How to Prevent RSV in Newborns

Respiratory Syncytial Virus (RSV) is a common respiratory infection that typically causes mild, cold-like symptoms in older children and adults. However, it poses a significant threat to newborns and young infants, often peaking during the fall and winter. RSV is a leading cause of hospitalization for babies under six months of age, even among those with no underlying health conditions. The virus can cause severe lung infections such as bronchiolitis and pneumonia. Protecting a newborn involves environmental controls, utilizing maternal immunity, and, when necessary, direct antibody prophylaxis.

Non-Medical Steps for Environmental Control

Consistent hygiene and exposure management are the first line of defense against RSV. Strict enforcement of hand hygiene is essential for anyone interacting with the newborn. Caregivers and visitors should wash their hands with soap and water for at least 20 seconds before touching the baby.

Limiting the newborn’s exposure to sick individuals is highly effective, even if the illness seems like a mild cold. RSV is easily transmitted through airborne droplets and can live on hard surfaces for several hours. Postpone visits from anyone showing cold-like symptoms and minimize the baby’s time in crowded public spaces.

Parents should regularly clean and disinfect high-touch surfaces in the home, including doorknobs, countertops, toys, and crib rails. Eliminating all tobacco smoke exposure is also an important preventative measure. Exposure to secondhand smoke significantly increases a newborn’s risk for severe RSV disease.

Protecting the Newborn Through Maternal Immunity

Protecting newborns involves leveraging the mother’s immune system during pregnancy to pass protective antibodies to the fetus. This is achieved using a specific vaccine, such as Abrysvo, administered to the mother to stimulate antibody production against RSV. These antibodies cross the placenta, entering the baby’s bloodstream in a process known as passive immunity.

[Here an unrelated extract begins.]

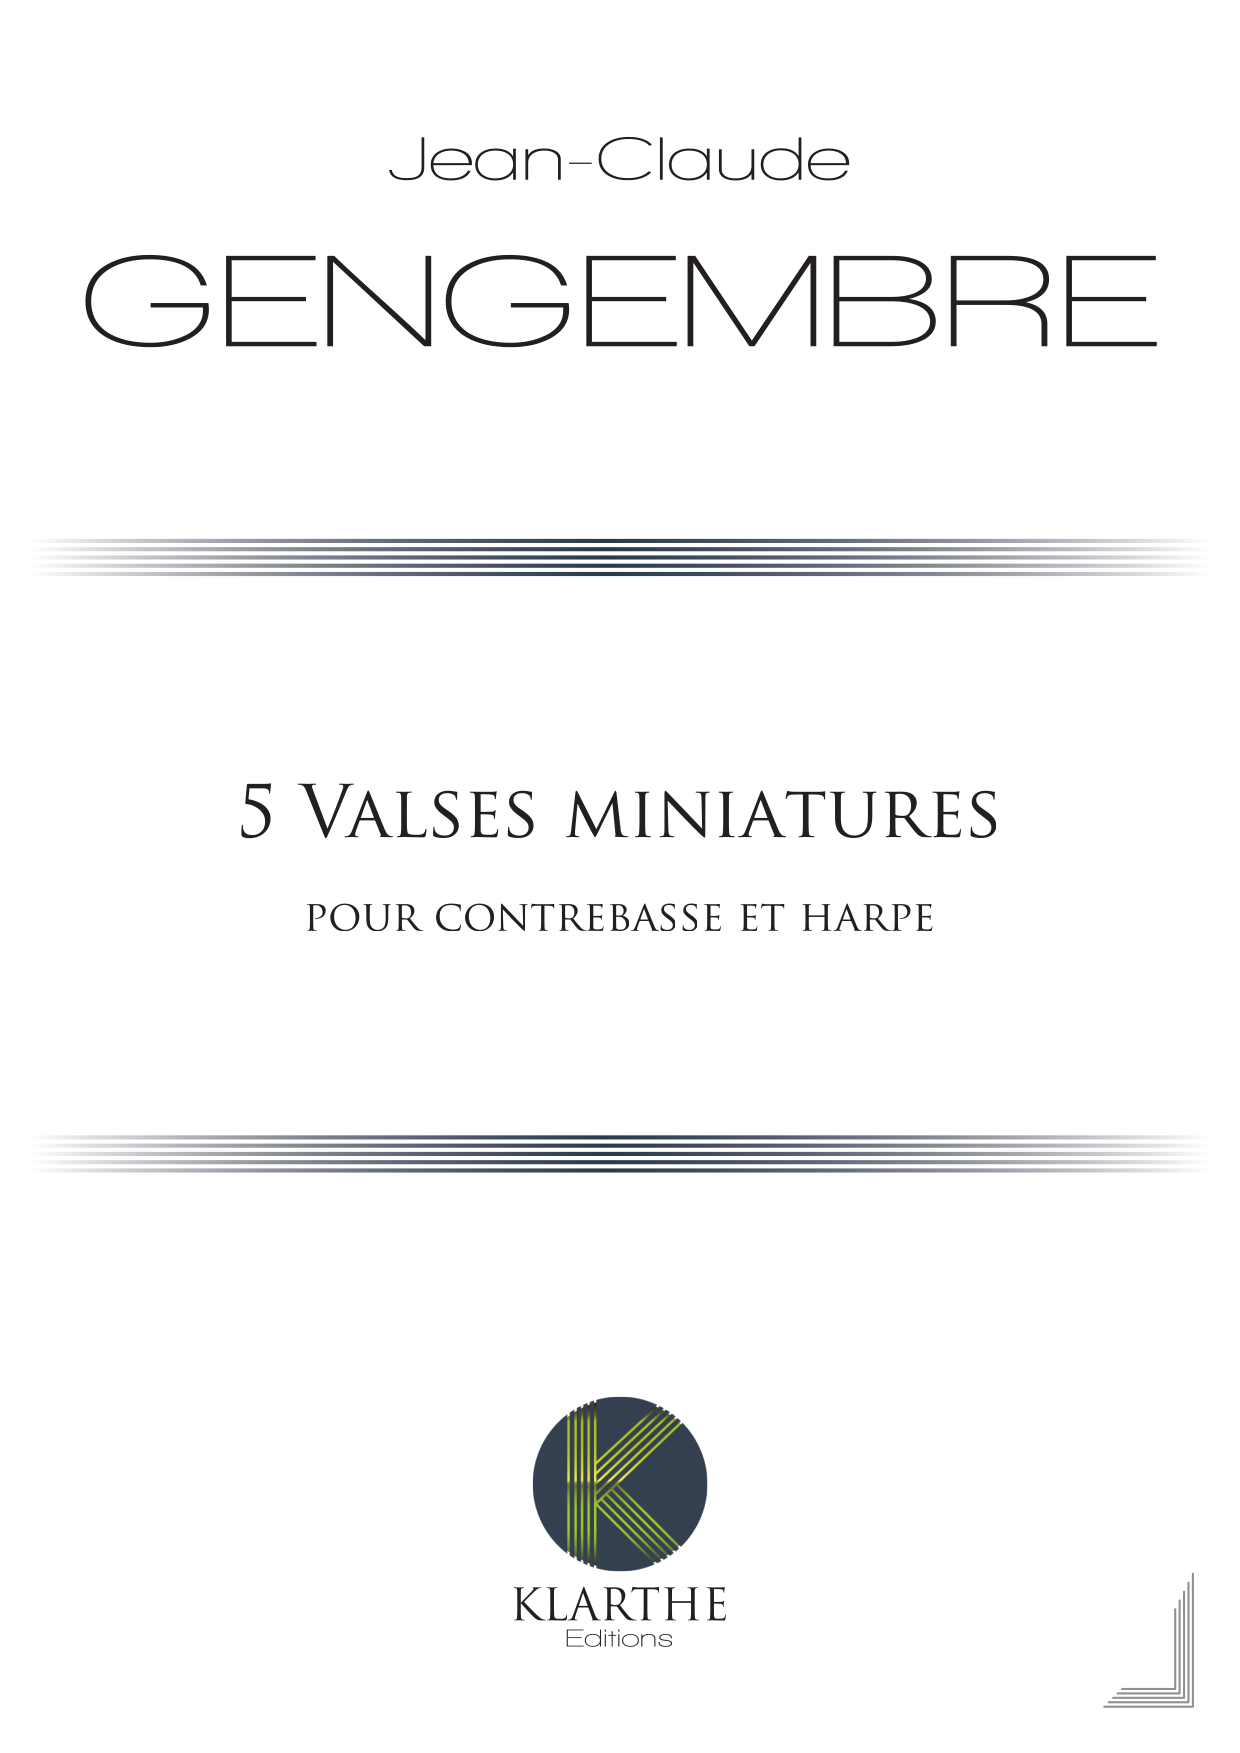 5 Valses miniatures (GENGEMBRE JEAN-CLAUDE)

The recommended timing for maternal vaccination is during weeks 32 through 36 of pregnancy, ideally during the RSV season (September through January). Studies suggest that vaccination earlier in this window, around 32 weeks, may maximize the transfer of antibodies. This ensures the infant has a high level of protection throughout the first six months of life, the period of highest risk for severe RSV.

Clinical trials have demonstrated the effectiveness of this maternal strategy in preventing severe illness in infants. The vaccine has been shown to reduce the risk of a baby being hospitalized due to RSV by 57%. It also reduces the risk of a healthcare visit for RSV by 51% within six months after birth.

Antibody Prophylaxis for Direct Infant Protection

For infants, passive immunity involves administering pre-made antibodies directly to the baby, known as antibody prophylaxis. This provides immediate, temporary defense against the Respiratory Syncytial Virus without requiring the baby’s own immune system to generate a response. The newest and most broadly recommended option is a long-acting monoclonal antibody called nirsevimab (Beyfortus), designed to provide protection for an entire RSV season.

Nirsevimab is recommended for all infants under eight months of age who are entering or are born during their first RSV season. This single intramuscular injection is ideally given shortly before the season begins. For babies born during the season, it can be given within the first week of life, sometimes even before hospital discharge. The antibody is engineered with a modification that significantly extends its half-life, allowing one dose to confer protection for at least five months.

The dosing of nirsevimab is weight-based for infants under eight months. Those weighing less than 5 kilograms receive a 50 mg dose, while those 5 kilograms or more receive a 100 mg dose. In rare cases, the antibody is also recommended for high-risk children aged 8 to 19 months entering their second RSV season. This universal recommendation addresses the fact that most infants hospitalized for RSV are otherwise healthy, making broad protection necessary.

A different, older monoclonal antibody, palivizumab (Synagis), is also available but is now typically reserved for a very specific, high-risk group of infants. Palivizumab has a much shorter half-life and requires monthly injections throughout the five-month RSV season. This option is generally reserved for infants with underlying conditions like prematurity, certain chronic lung diseases, or specific congenital heart conditions.

Parents must consult with their pediatrician to determine the most appropriate strategy for their baby’s protection. Infants whose mothers received the maternal RSV vaccine at least 14 days before birth are generally not recommended to receive nirsevimab, as the protection has already been successfully passed to the baby. The choice between maternal vaccination and direct infant prophylaxis is a shared decision, as both are highly effective tools for preventing severe RSV disease.